At present, the main treatment methods for glioma include surgical resection with maximum safety and concurrent radiotherapy and chemotherapy, but the patient's prognosis is still very poor. Due to the existence of blood-brain tumor barrier (BBTB) and tumor heterogeneity, the development and application of anti-tumor drugs have increased the difficulty. Recently, the research on the combination therapy of glioblastoma drugs based on nano-carriers has greatly increased, which is conducive to the development of new combinations of nano-drugs and nano-thermochemotherapy to combat gliomas[14,15]. Nanomedicine provides a new way for site-specific delivery of miRNA or anti-miRNA alone or in combination with other therapeutic drugs in the brain to achieve the best therapeutic response. The nano-delivery system can not only protect miRNA from nuclease degradation but also prolong its halflife in blood, making it easier to play a role through BBTB[16]. This provides a new idea for the treatment of gliomas. A study confirmed the anticancer effect of miR-29b-conjugated nanoparticles in a human GBM tissue section culture system[17]. miR-29b is expected to become a new target for GBM treatment.
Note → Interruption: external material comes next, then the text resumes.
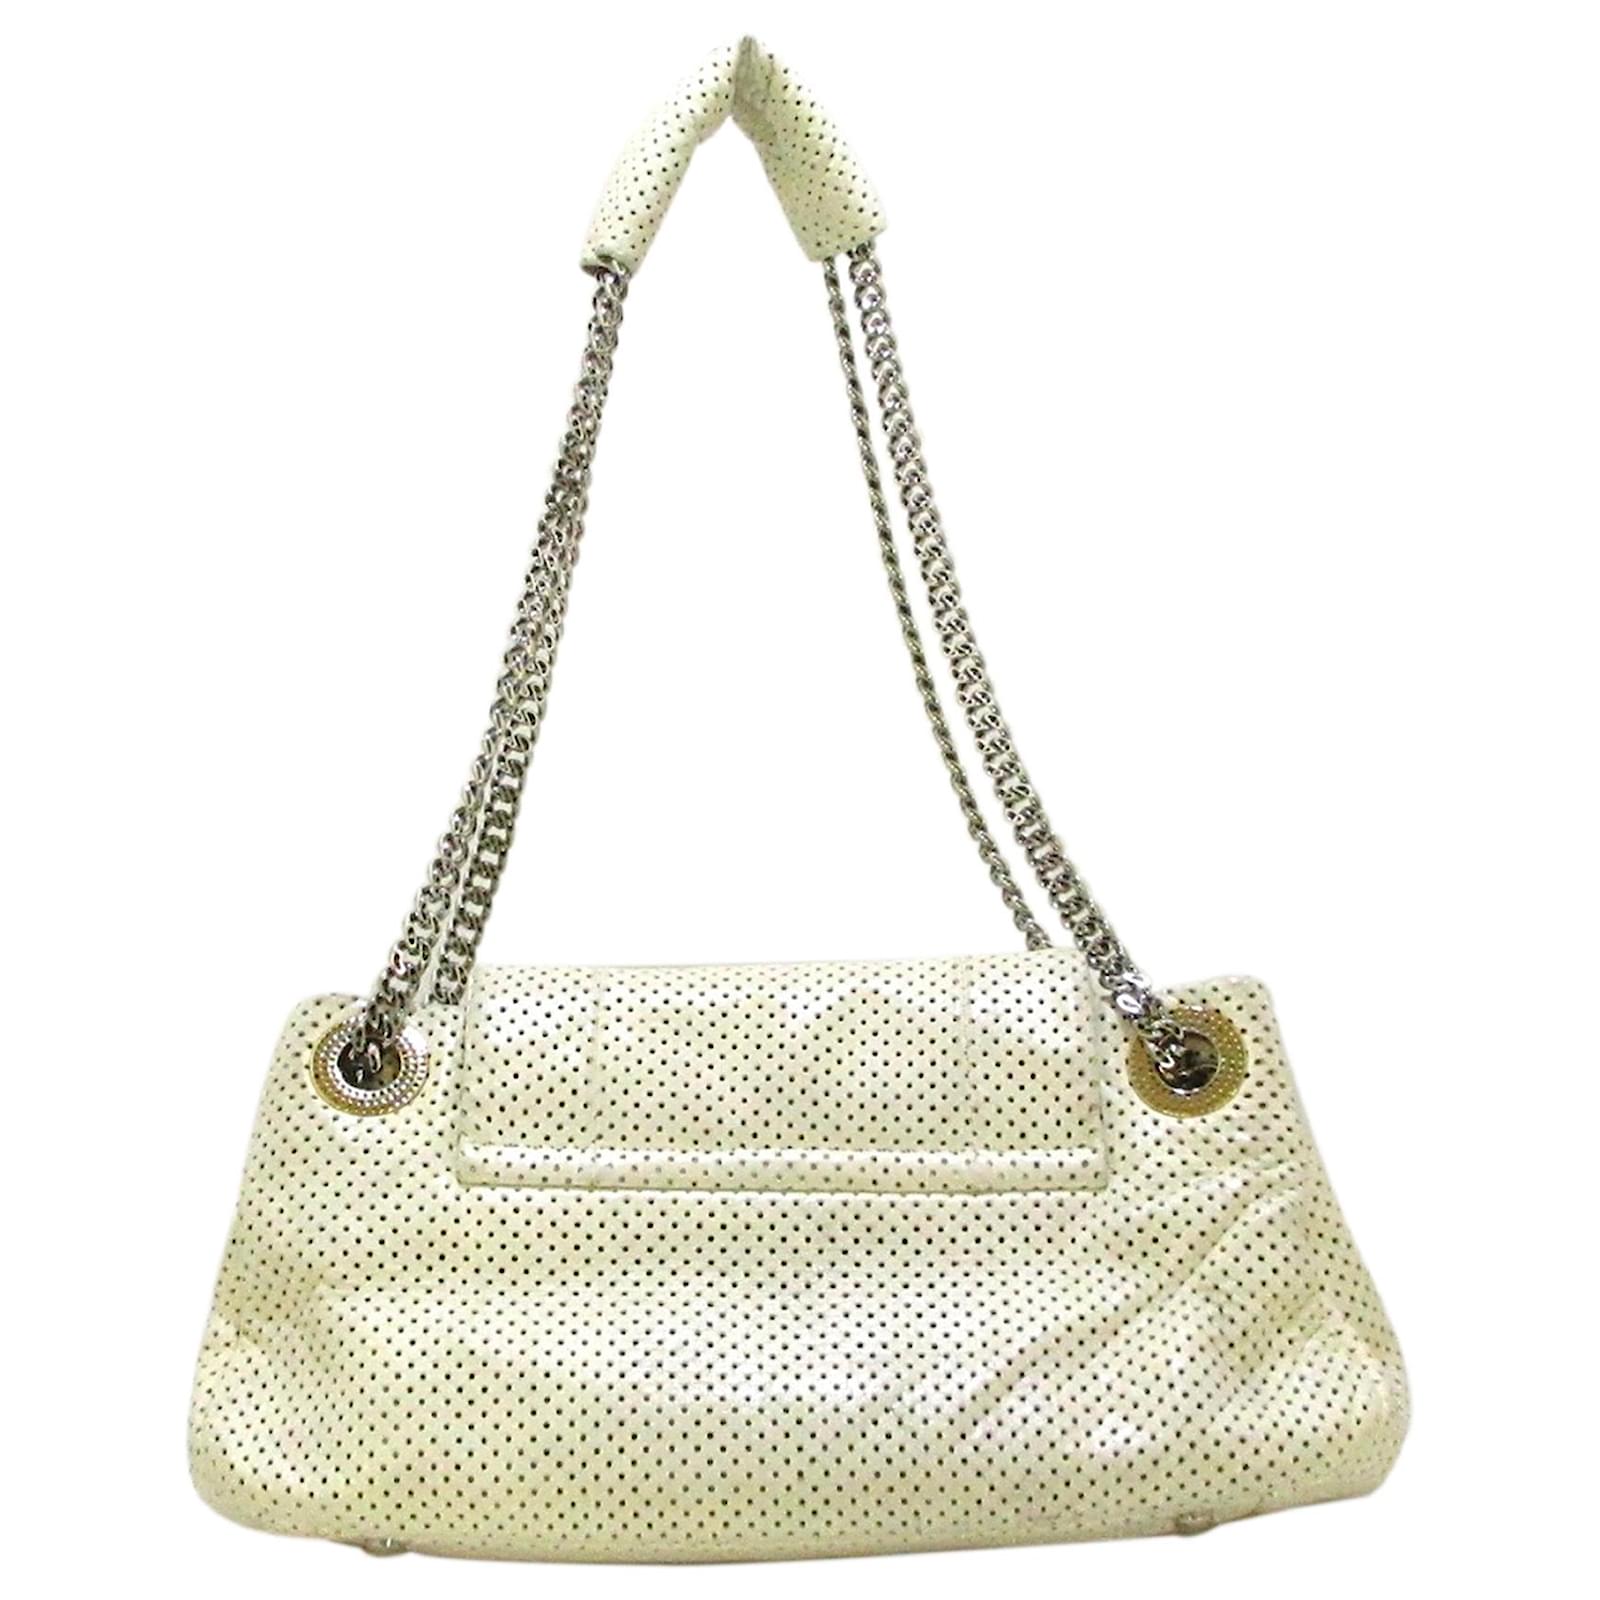 Chanel White Perforated Leather Accordion Flap Bag Chanel
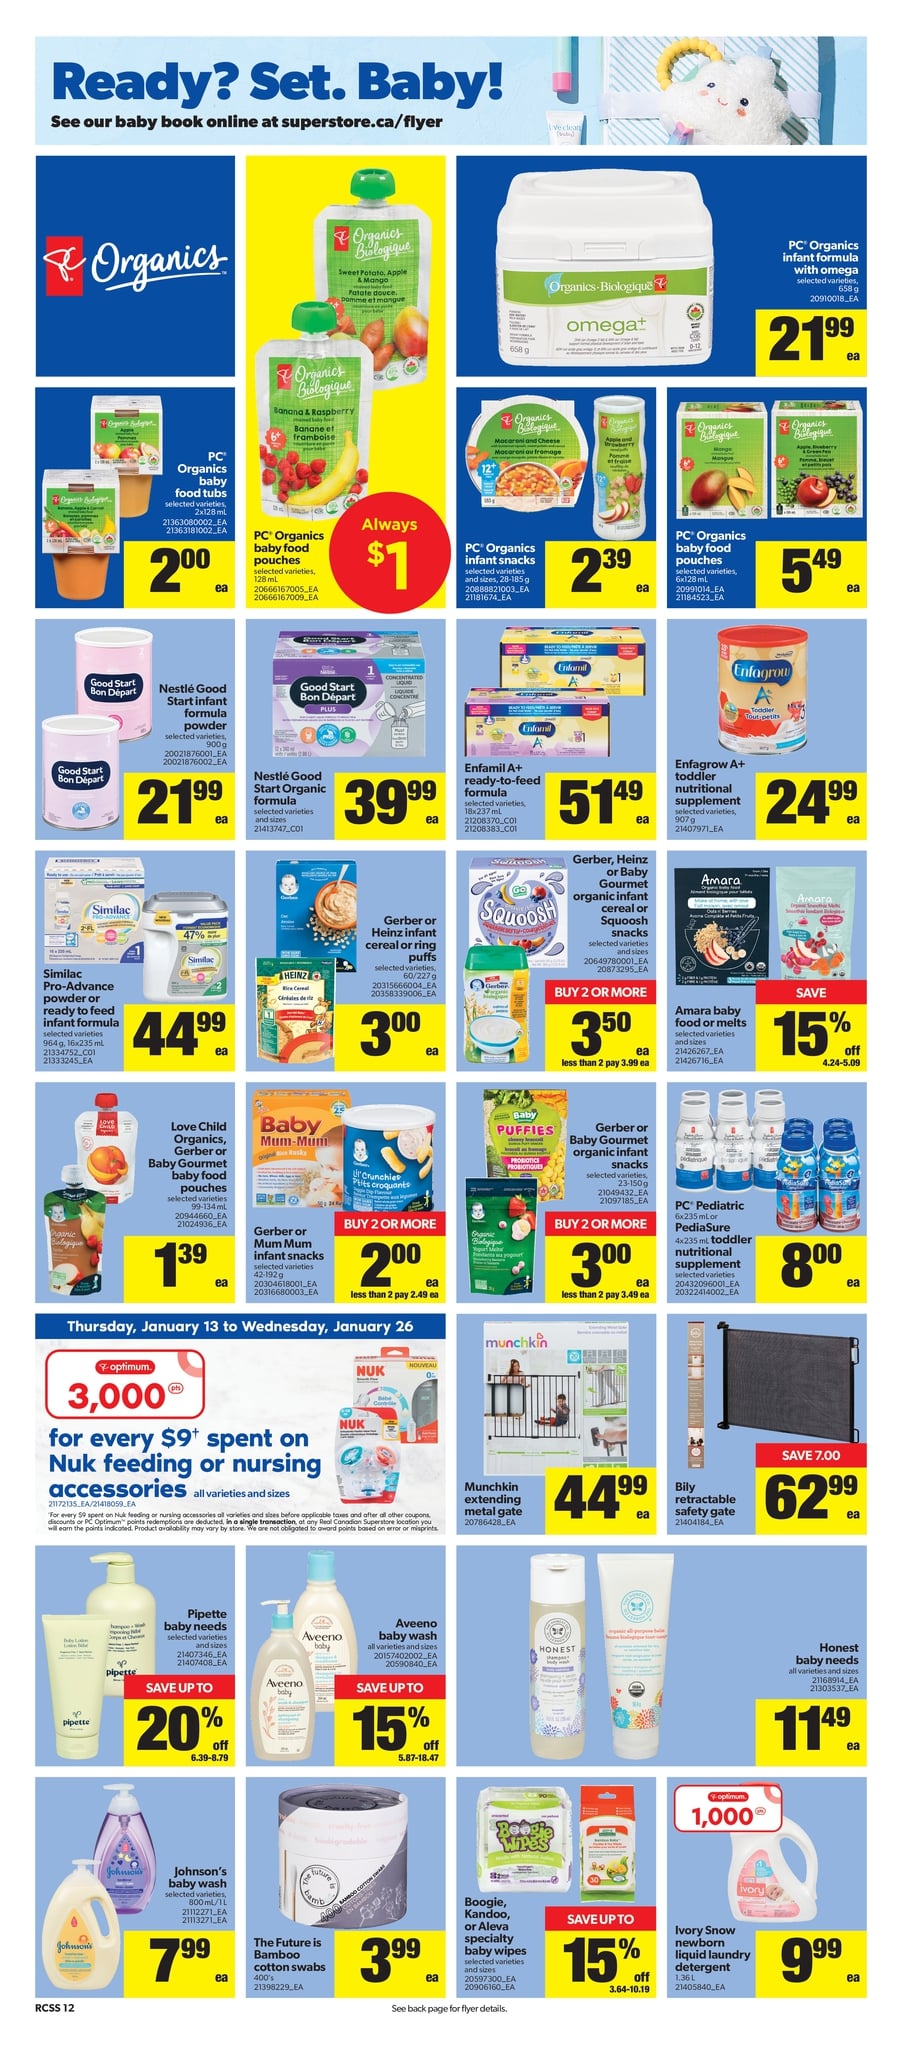 Real Canadian Superstore Ontario - Weekly Flyer Specials - Page 12

In conclusion, this study used multiple databases such as LinkedOmics, miRDB, miRTarBase, TargetScan, starbase, GEPIA,and CGGA to analyze the relationship between the target genes of miR-29b-3p and clinical characteristics and its impact on clinical prognosis. T Through univariate and multivariate Cox proportional hazard regression model analysis to determine independent prognostic factors, we finally identified 3 genes, SERPINH1,LOXL2 and CDK6, as the core target genes of miR-29b-3p. The expression of each gene was different between normal and tumor tissues, different grades, IDH mutation status and 1p/19q codeletion status. Its high expression has an adverse effect on the prognosis of OS and RFS and can be used as an independent prognostic factor for glioma.